Directions for this task: The pictures are to be left out, and all remaining data is to be transcribed exactly as it appears.

Provided material:
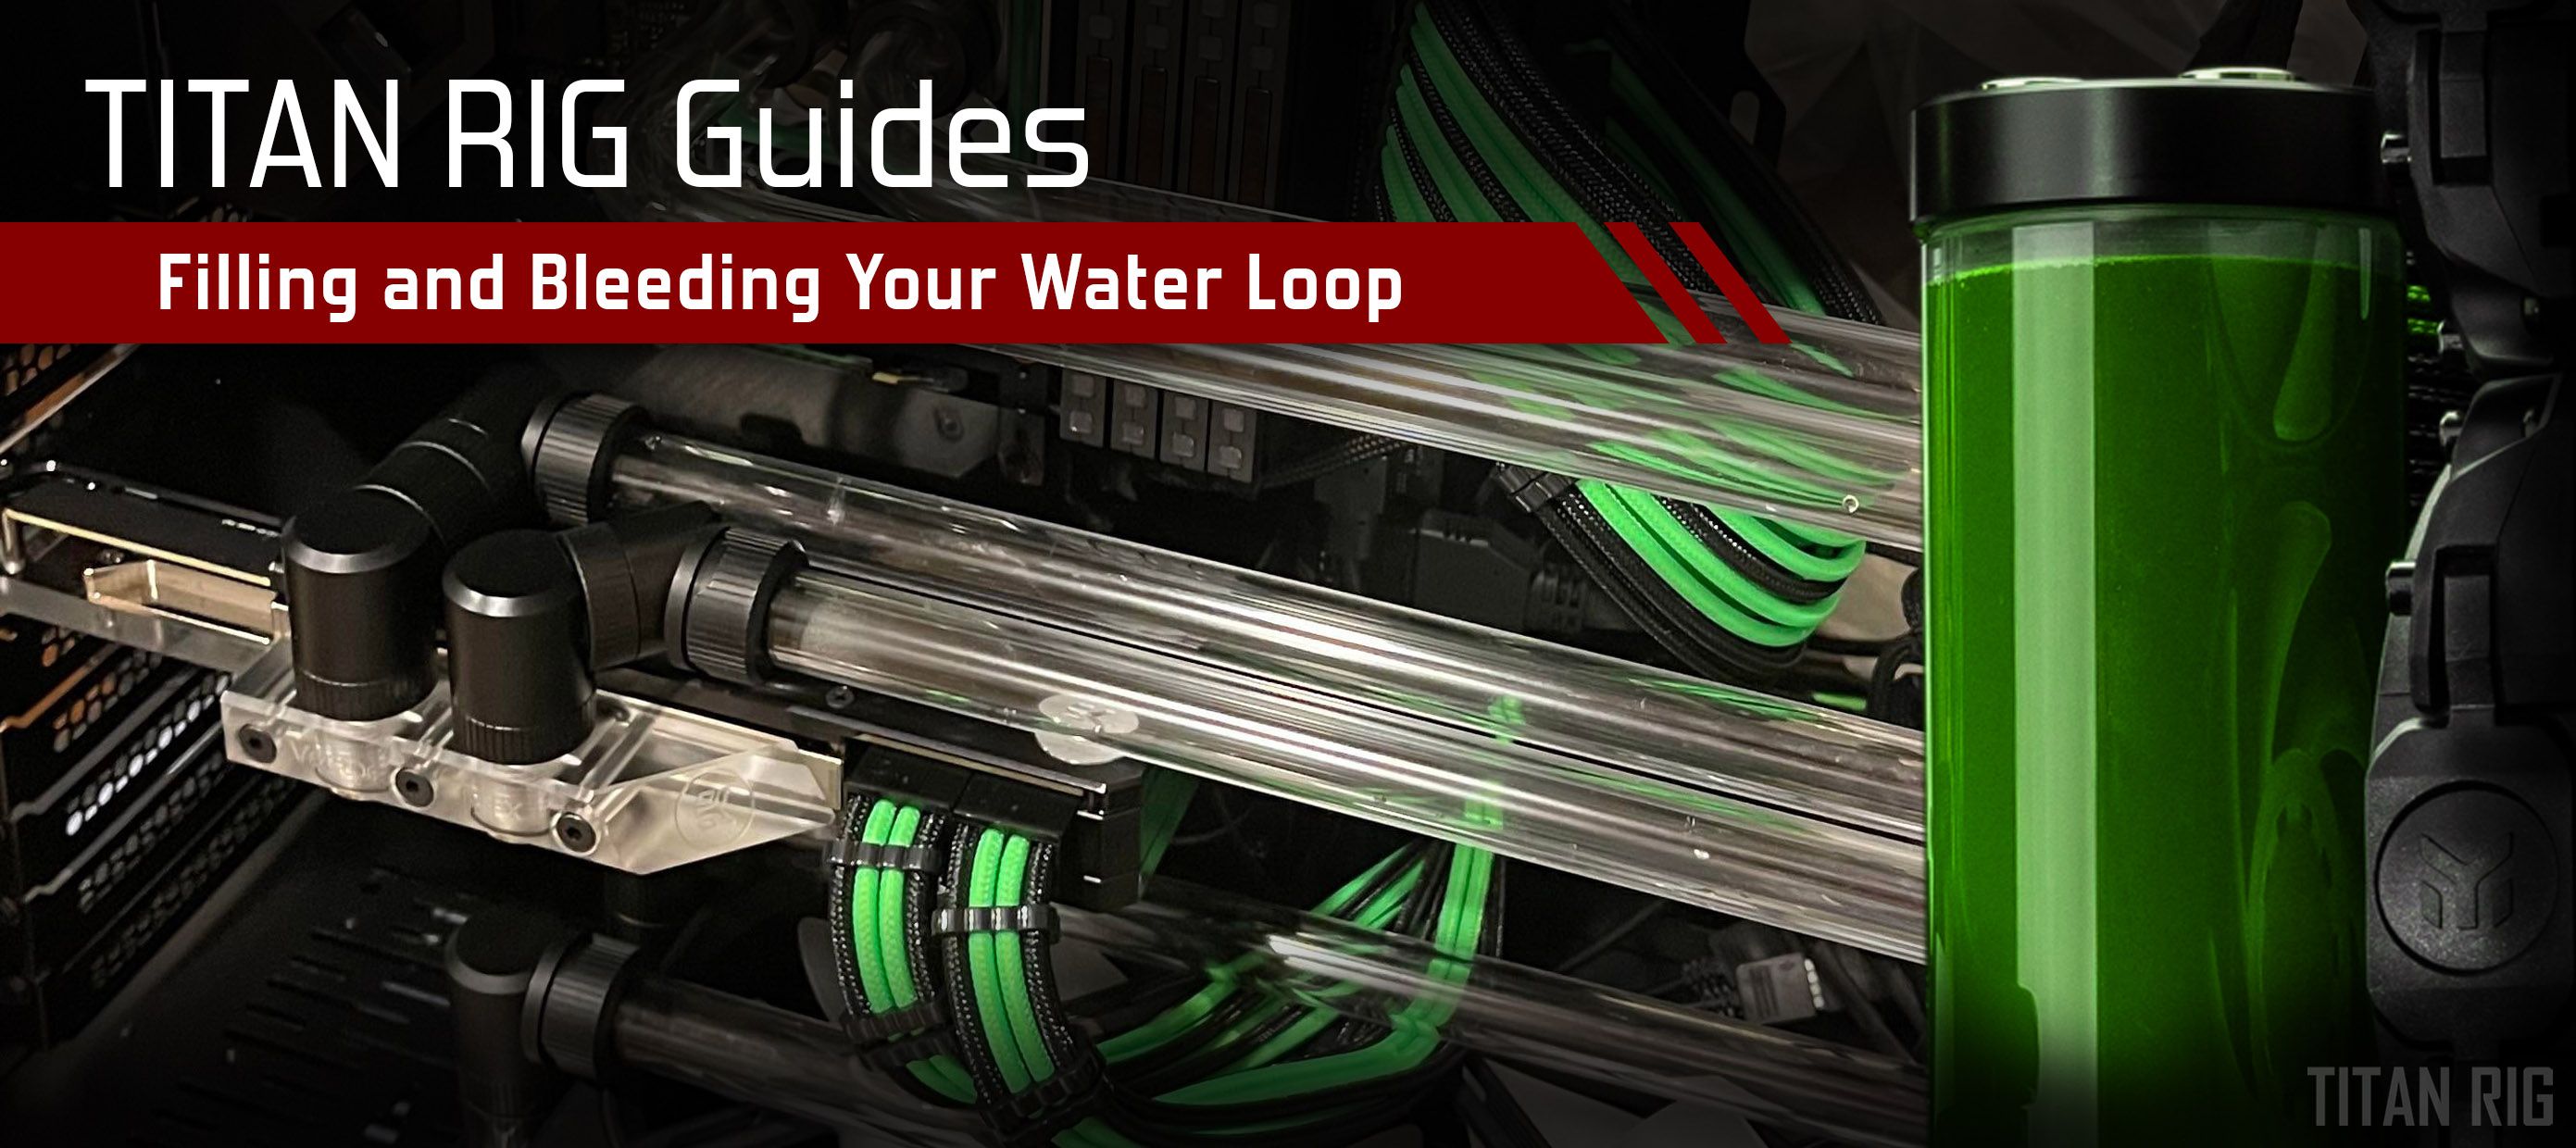 How To Fill And Bleed Your Water Loop
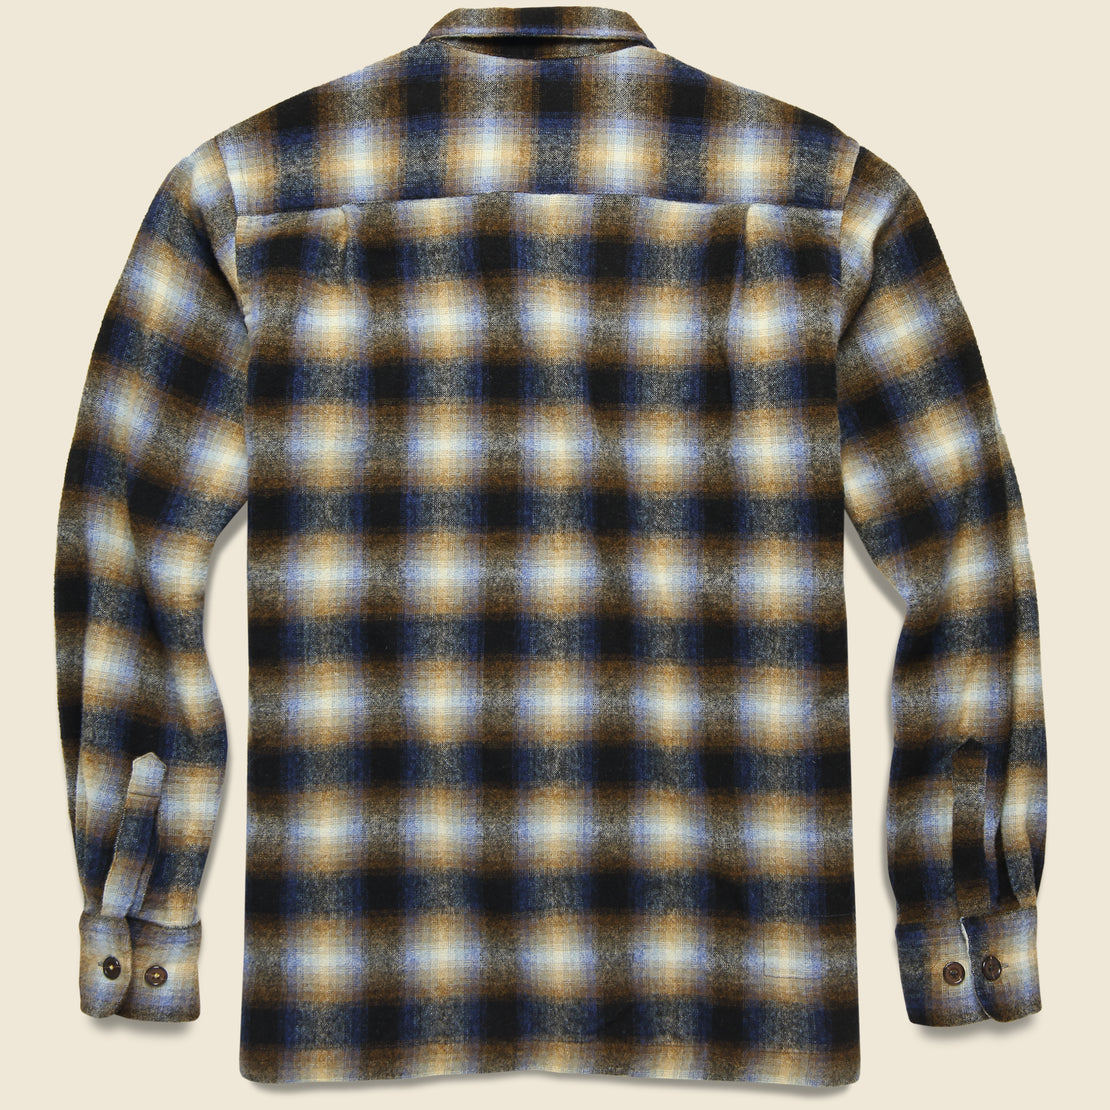 Utility Shirt - Navy Check - Universal Works - STAG Provisions - Tops - L/S Woven - Plaid
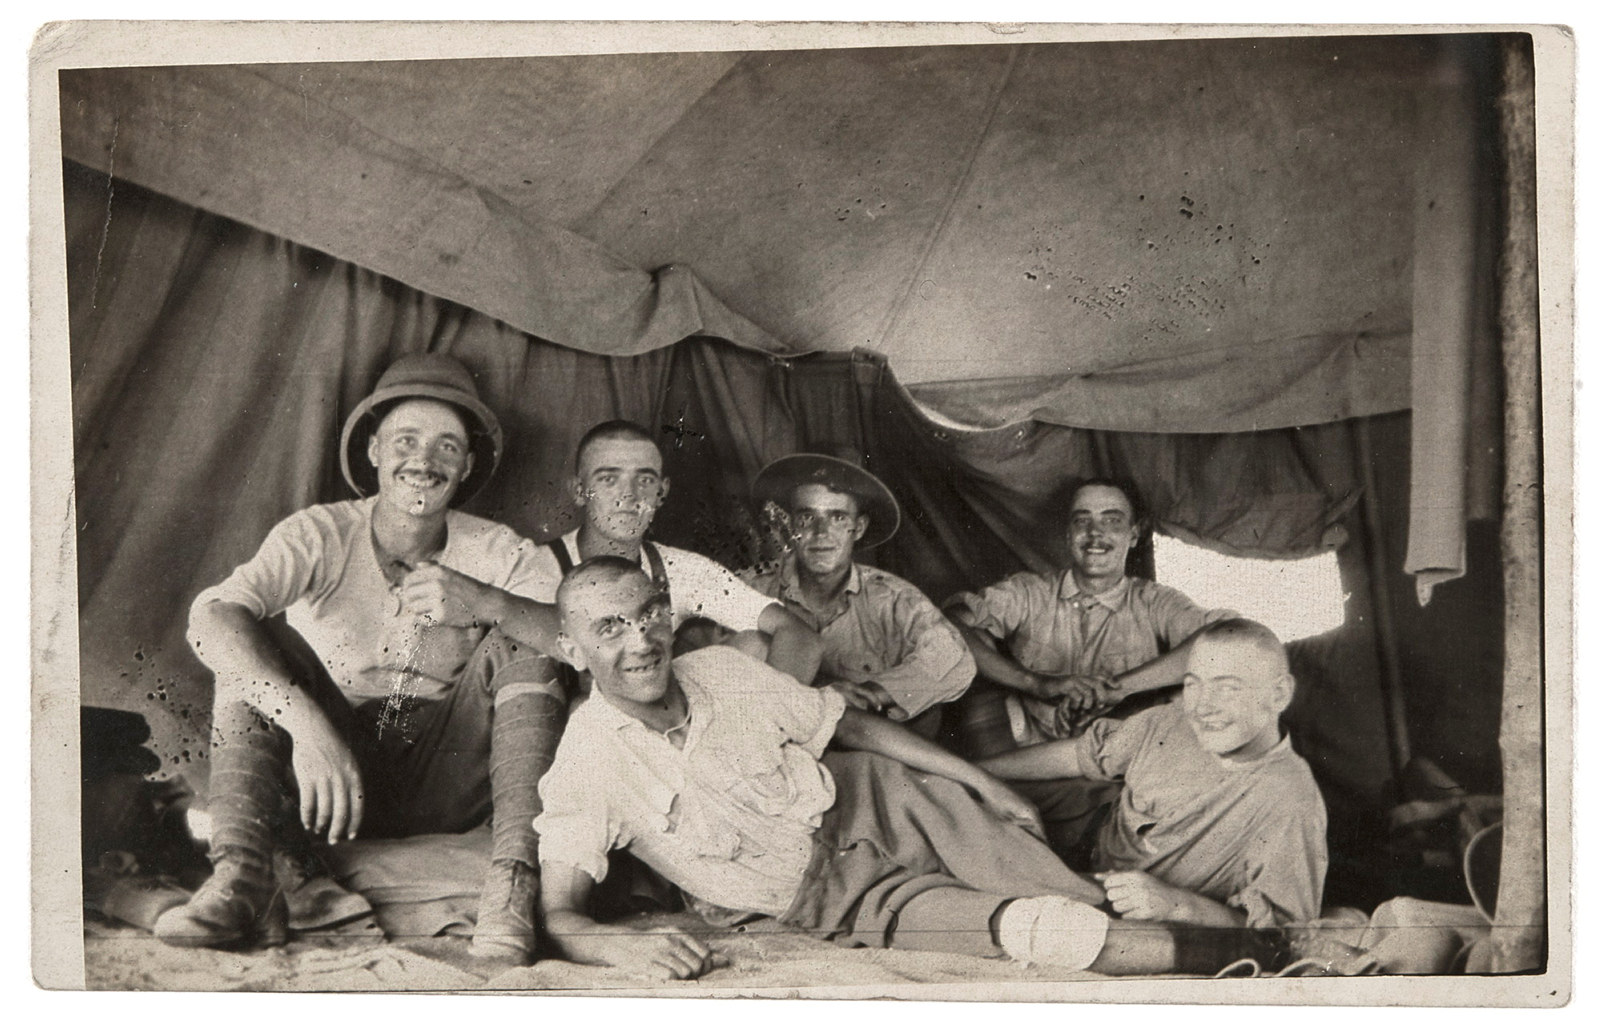 Postcard of Fred Gallagher (seated 2nd from left) with five other soldiers,  from an album compiled by Mary (Girlie) Andersen, 1915
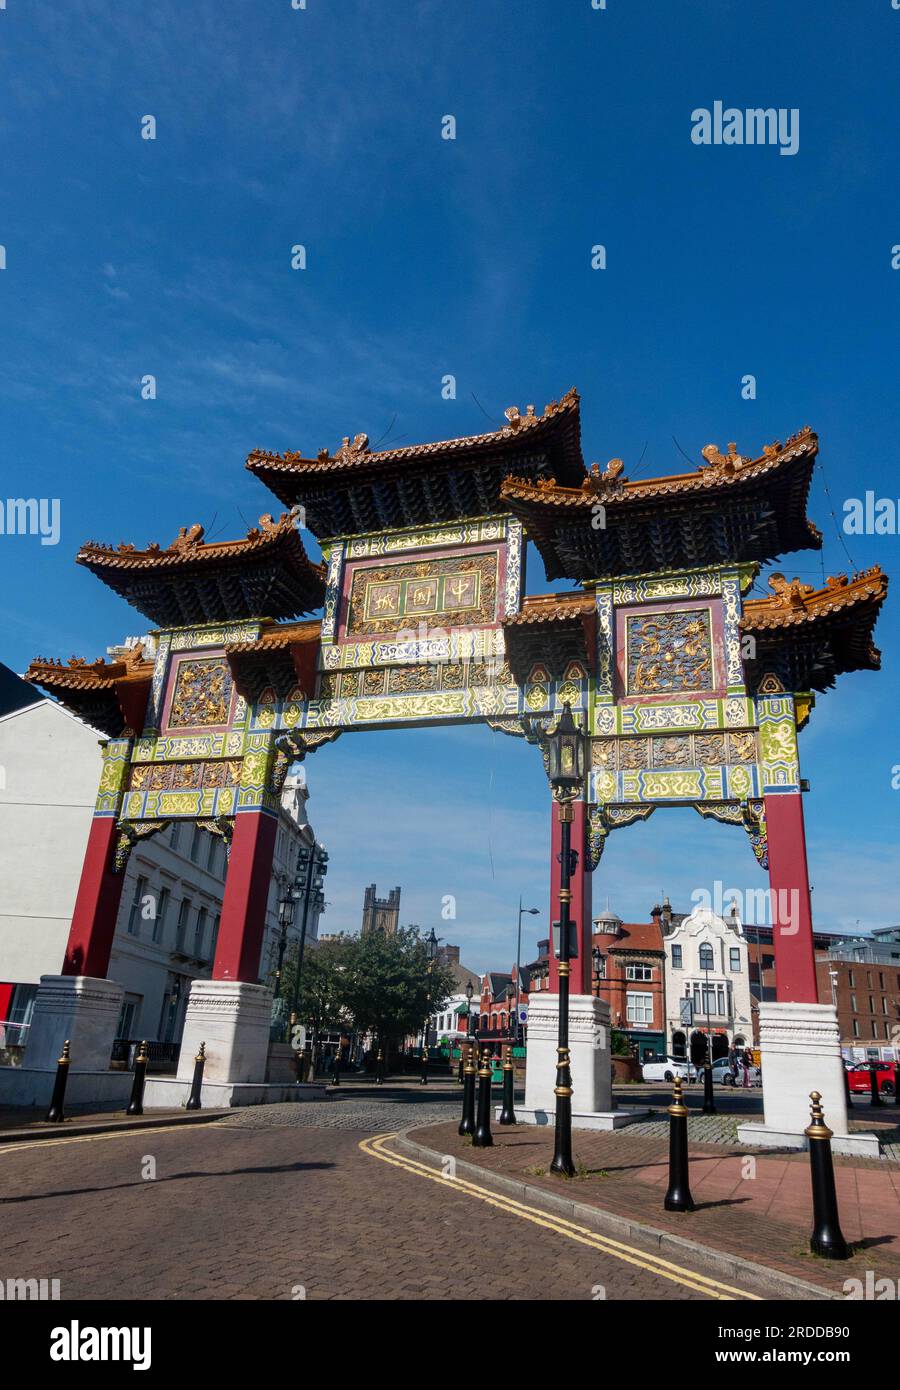 Chinese Arch in Liverpool Chinatown Stockfoto

Exercise result:
 How To Fill And Bleed Your Water Loop
 Utility Shirt - Navy Check - Universal Works - STAG Provisions - Tops - L/S Woven - Plaid
 Postcard of Fred Gallagher (seated 2nd from left) with five other soldiers,  from an album compiled by Mary (Girlie) Andersen, 1915
 Chinese Arch in Liverpool Chinatown Stockfoto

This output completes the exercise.